英嗣は淡々と手続きを済ませると、悲しむ様子もなく街をあとにする。
「全焼……」
「はい、ですが有害物質の汚染を理由に原因の特定がされないまま残骸は回収されてしまいました」
「警察の調書は。英嗣に事情聴取しているでしょう」
「読みましたが極めて形式的で。建物の老朽化による漏電だと決めつけられています」
「英嗣の仕業では、なさそうですね」
「むしろ計画通りなのでは? 」
水野は疑いの眼差しを向け、気づいた捜査員は気まずそうにそらす。ここに水野の味方はいない、それは彼女もよく理解している。
「英嗣の身柄は」
「警察にあるはずです」
その時、薄闇に光がさして誰かが入ってきた。
「大変です! 海斗が……」
水野の視線に入ってきた捜査員はたじろぎ、何かを言いかけてやめる。
「遥と接触したのでしょう」
想像は出来ていると呆れたように言う水野。でもその予想は珍しく外れている。
「海斗の死亡届が出ました。

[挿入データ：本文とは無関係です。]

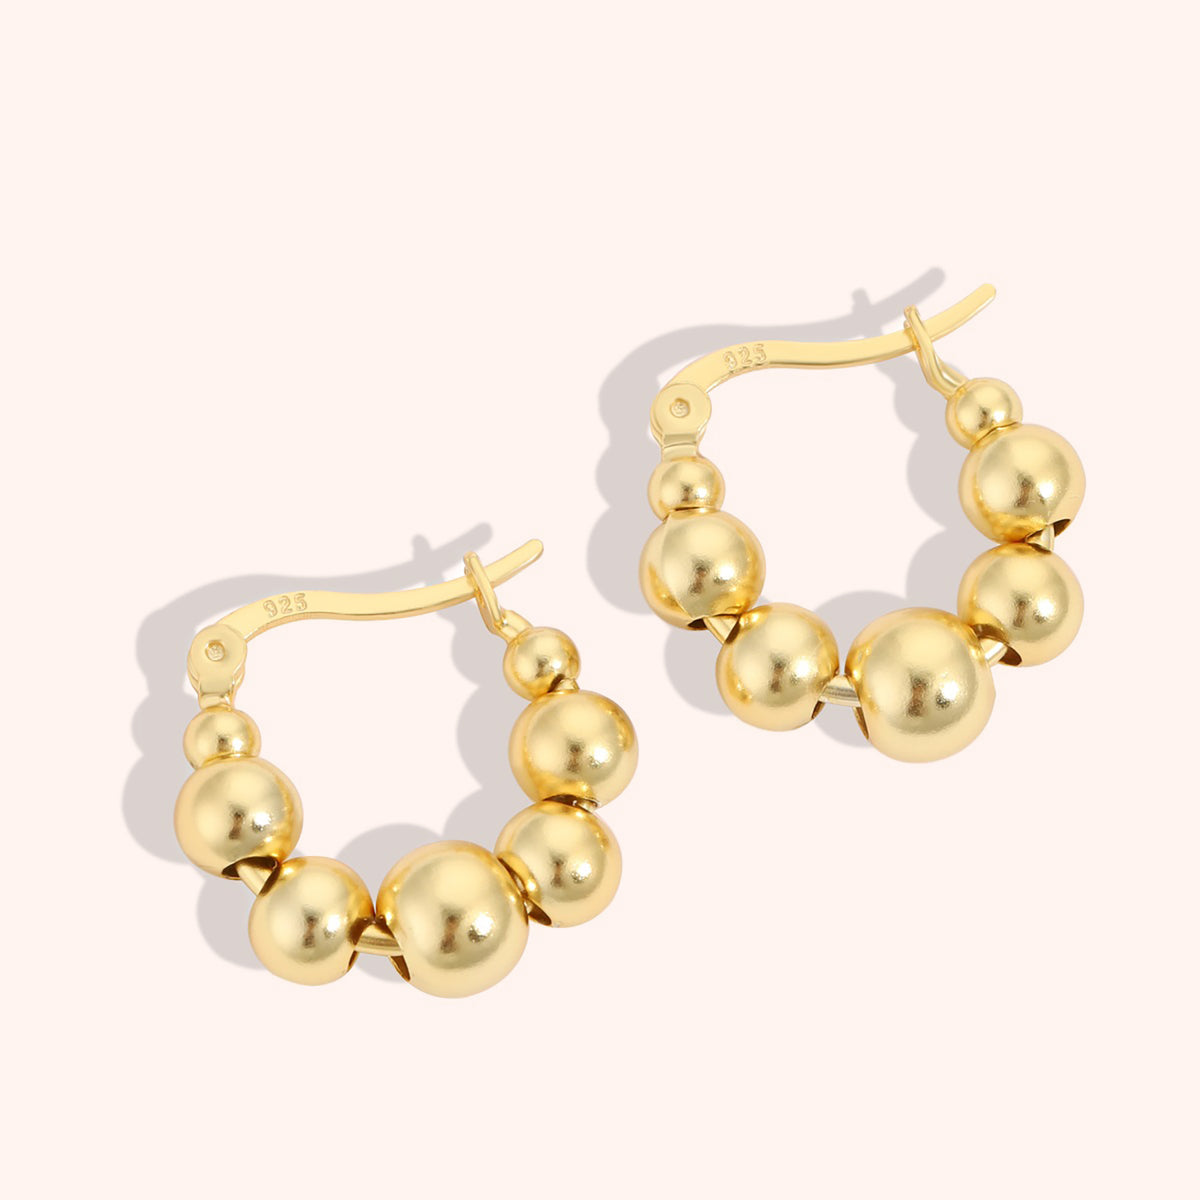 Yellow Gold Classic Hoops Earrings

遺体も回収済みです」
水野の隣、一応彼女の側近とも言える女性捜査員は驚きの表情を見せる。水野の表情に変化は見られない。
「死亡って、海斗が!? 水野さんどうしましょう」
「解剖結果は出ましたか」
「はい、草野海斗本人だと……もちろん部品や装置の類は残っておらず、人体だという判定です」
草野海斗は死んだ──そうなればもう公的な捜査は行えない。真偽はどうあれ、間違いなく水野にとって不利な情報だ。
「遺体の火葬は。英嗣はどこにいるのです」
「火葬はまだです。法的にあと20時間は猶予があるかと」
「わかりました。少し出てきます」
言うやいなや、身を翻し部屋を出る。水野率いる捜査班は今まで、建前上の捜査権だけを与えられながら頭を押さえつけられているようで、自由に身動きが出来ないできた。
「必ず潰します……羽島、あなたを」
その呟きには今までにないほどの力が含まれている。
その後、水野は指示を出し、海斗の行きそうな場所全てにロイド捜査員を配置させた。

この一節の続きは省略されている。